Il Comune di Lona Lases ha confermato la richiesta di 500.000 euro, mentre altre richieste risarcitorie sono arrivate dall'associazione Libera (100.000 euro), dal giornale Questotrentino e dalla Provincia di Trento.
I pubblici ministeri Licia Scagliarini e Davide Ognibene hanno richiesto per i due imputati pene pesanti: per Morello è stata chiesta una pena di tredici anni e quattro mesi, mentre per Denise sono stati chiesti dieci anni.
Ad entrambi viene contestata l'appartenenza ad una associazione a delinquere di stampo mafioso, reato che viene punito con pene dai 10 ai 15 anni.
L'accusa contesta a Morello la posizione apicale nell'organizzazione, della quale gli inquirenti ritengono sia stato promotore e organizzatore.
Mentre Pietro Denise, sempre secondo gli inquirenti, è stato colui al quale toccava il ruolo di custodire le armi di cui si sarebbe servita l'organizzazione per intimidire maestranze e non solo.
Gli avvocati difensori hanno ribadito l'estraneità dei loro assistiti.
Sempre su "l'Adige" è stato riportato che nel caso di Morello - la cui posizione era stata stralciata dal filone principale del processo nel febbraio scorso, assieme a quella di Pietro Denise in sede di richiesta dell'abbreviato condizionato all'ascolto di testimoni - lui stesso aveva parlato dell'esistenza di una semplice associazione culturale che nulla aveva a che fare con la 'Ndrangheta.

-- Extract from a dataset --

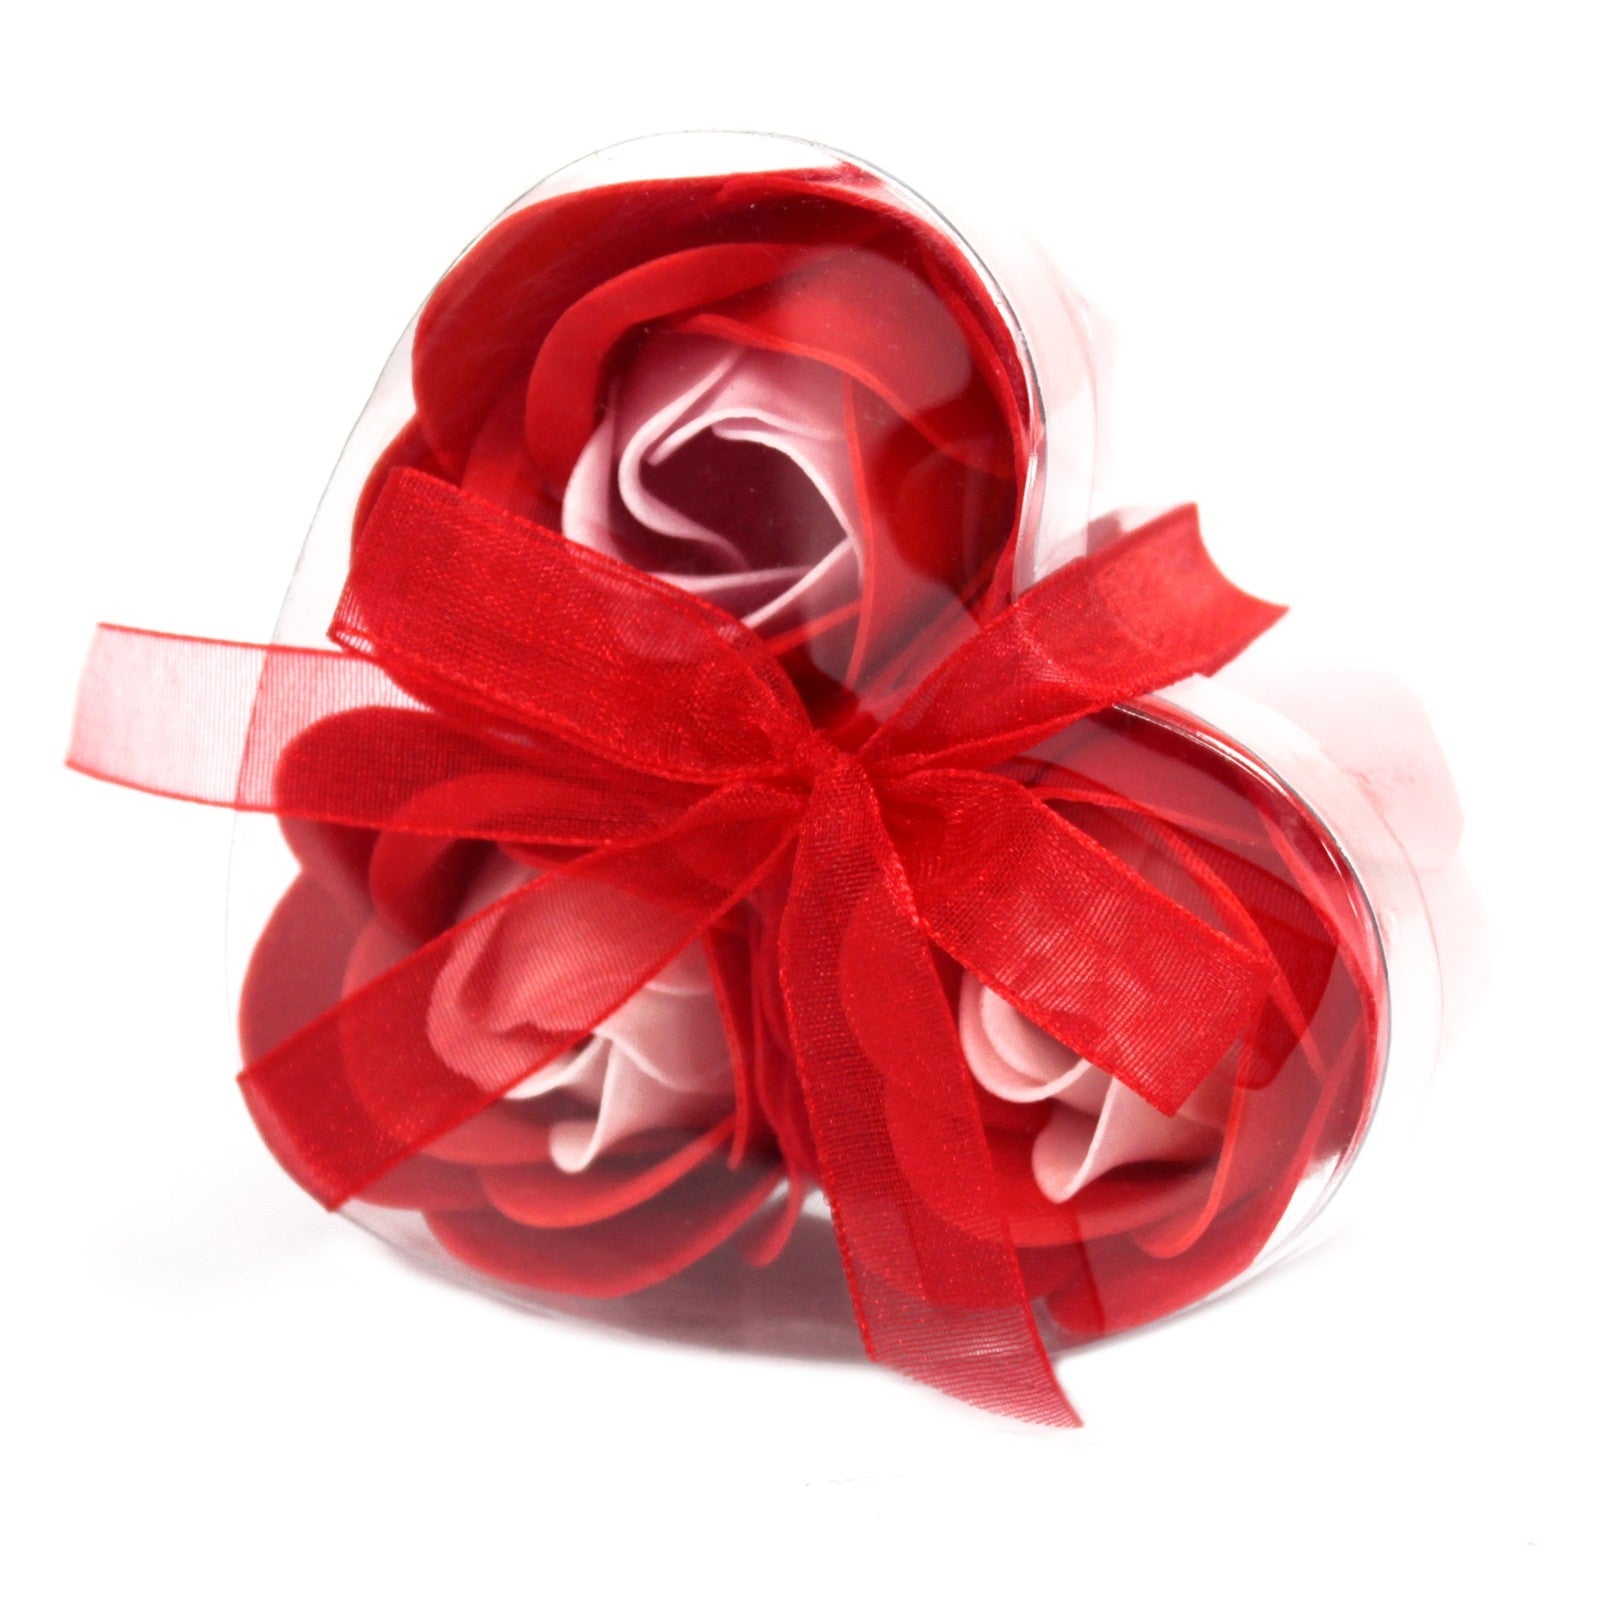 Set of 3 Soap Flower Heart Box - Red Roses - Ultrabee

Ma secondo la procura, però, aveva sempre mantenuto per conto della locale di ‘Ndrangheta facente capo a Innocenzo Macheda e insediatasi a Lona Lases, sia i rapporti con le cosche calabresi che con la malavita romana.
Invece per Denise la difesa ha sempre parlato di fraintendimenti nelle comunicazioni intercettate. Ma gli inquirenti ritengono l'operaio "partecipe del sodalizio", persona che "esegue le direttive del capo della cosca locale, fornendo supporto agli altri affiliati" e che "provvede alla manutenzione ed occultamento delle armi" oltre che "pronto a compiere azioni violente".